1 post tagged “aussie bob”
The formula for a winning KttD performance is at once obvious and elusive. Of course you must sing badly, but as has already been pointed out this year, merely not hitting a few notes here and there with less than crystal clear tone is not going to bring home the prize. Now that the truly tone-deaf have mustered up the guts to put a lifetime of ridicule behind them and willfully put their vocal non-stylings to the ultimate test, those who can kinda sing may never take the podium again.
As Hotrod has chronicled these past few weeks, song choice and presentation is as much part of the game as your inability to carry a tune. One of B's challenges would be learning the lyrics to any song he chose. He would also need to project. And anyone who knows B also knows that he mumbles most of the things that he says. When he speaks up, it's just louder mumblings. His biggest hurdle would be annunciation, so that there would be no question as to whether or not he knew the song.
The inspiration for Roberta Flack's already vaguely atonal "Killing Me Softly" came to me a year ago. Even though we were held hostage in Holland for two years, B's eventual showing at KttD was never far from our minds. Fantasizing about his rise to glory was mostly nostalgia for our lives lost in America. Perhaps, though, it was fate that when Emma took the crown in 2007, the first seeds were being sewn for our to return to the U.S.
To illustrate why I knew that "Killing Me Softly" would be the perfect song for B, you have to reach back in time a bit further. Not being able to sing is not a new revelation for the tone-deaf that walk among us. Look into Emma's eyes, and you can almost see the little girl with her stringy pig-tails, hand earnestly placed over her heart, receiving sideways glances from her classmates during "My Country Tis of Thee." In B's case, his own family rejected his froggy renditions of holiday favorites. These are people who have been unwittingly humiliated their whole lives, and for them to put that aside and take the stage anyway is no small achievement.
I was telling people last night that the inspiration for "Killing Me Softly" came from the movie "Little Miss Sunshine," but I was mistaken. In fact, the fog cleared when I saw this scene in the Hugh Grant movie, "About A Boy" -- one of the many Hugh Grant movies I secretly rented in Holland when B was away on business.
While the kid in the movie doesn't resemble B in the slightest, it wasn't hard to imagine little B standing in front of his peers, all knobbly-kneed in his school uniform of 70s-style short-shorts and a golf shirt. He would have been shy and sincere, his little out-of-tune voice shaking and occasionally cracking. Always smiling, B's big, toothy grin would have overshadowed the fear in his eyes.

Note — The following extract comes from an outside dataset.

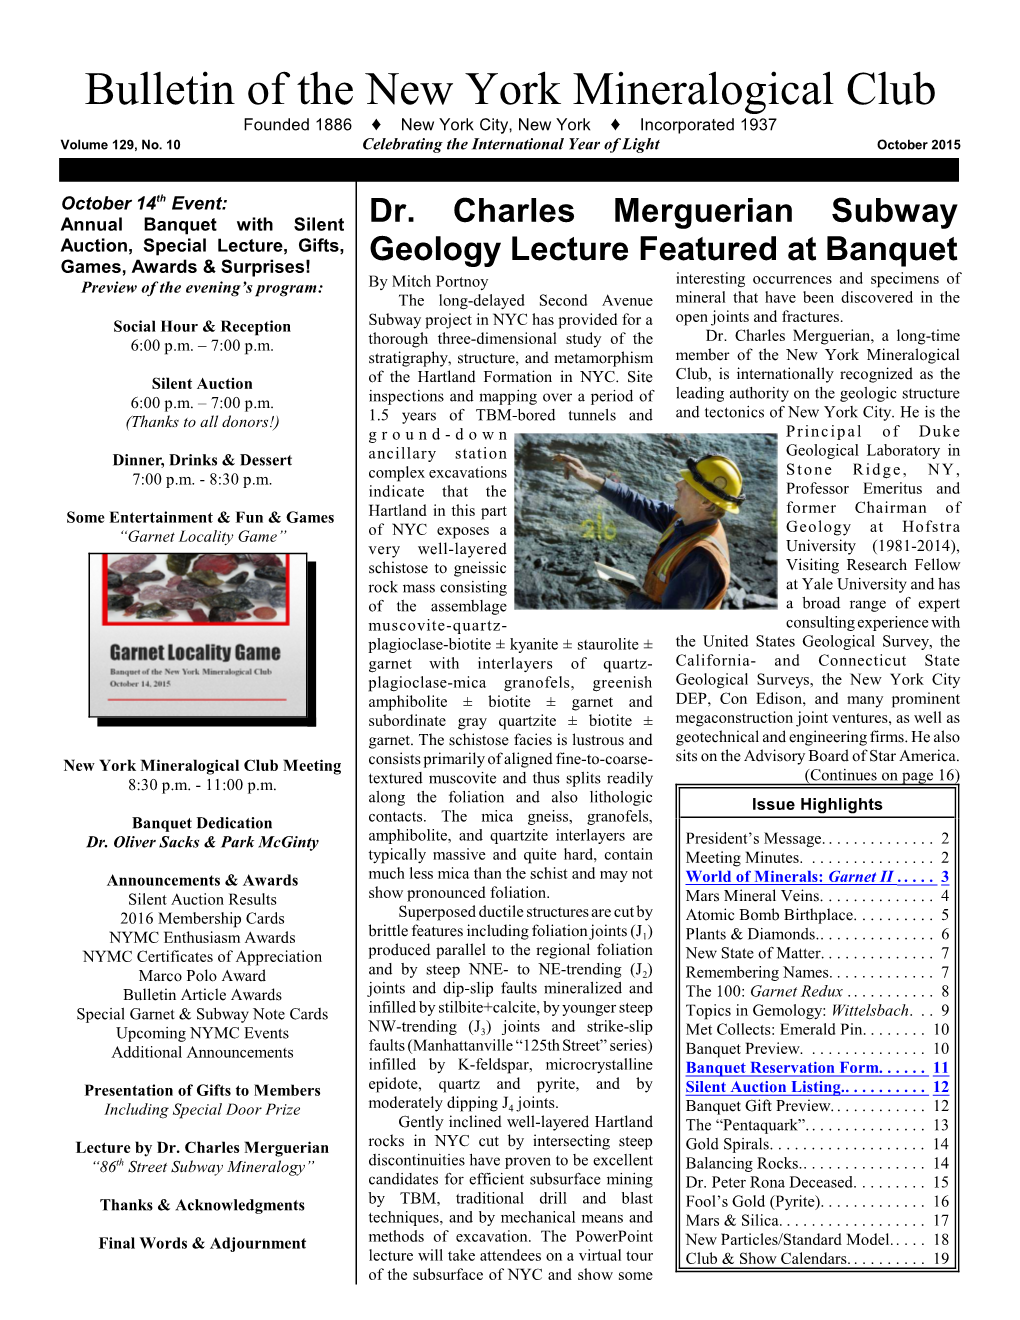 October 2015 Bulletin of the New York Mineralogical Club 3

Over the past few weeks, we'd been analyzing and reanalyzing the fate of this song in B's KttD war chest. Our biggest concern was whether he could learn it, and that it might just be too hard. The real song , as we all know, is barely in key. It's whininess is almost too putrid to listen to all the way through. We knew that B's rendition would make your ears bleed, IF he could piece it all together.
In the run up to the main event, he began to abandon "Killing Me Softly" for the safer "Greatest Love of All" by Whitney Houston. Houston's cryptic ode to self-determination and the inspiration of children took on a whole new, creepy dimension when B turned his pipes on it. The clincher in that song, of course, would have been the irony of singing about dignity in a competition that trades on humiliation. Don't get me wrong, he can't sing that song either, but with "Greatest Love of All" he'd have had to rely more on the fact that it's just not right for a man to sing about children.
Contrary to popular opinion, B designed his own training regiment, practicing his songs in the bathroom with its unforgiving acoustics. All this going down with his work colleague, who we don't actually know very well at all, listening in the other room. It was Clay, who I'm sure is still skeptical about the whole thing and who is now more certain than ever that he doesn't want to live in Old Town, that convinced B to lead with "Killing Me Softly."
Even though there are those that cast a shadow over B's KttD VIII victory, I think the proof is in the audio. B's vocal warblings sent shutters through the audience. On several occasions, B himself could hear groans from the crowd. As his wife, I couldn't help but take on some of his discomfort as note after discordant note rolled off his tongue. It was much, much worse than any of his bathroom renditions.
I felt my own embarrassment and tinge of humiliation as I considered the monster that I had unleashed on that unsuspecting crowd of drunk townies and miscreants. THAT guy was going to come back to our table and sit next to me. He would probably put his arm around me and lean over for a drunken, triumphant kiss. I think I know what it's like for those parents of undeniably ugly babies. In your heart, you know that god is punishing you. But you smile and pucker up.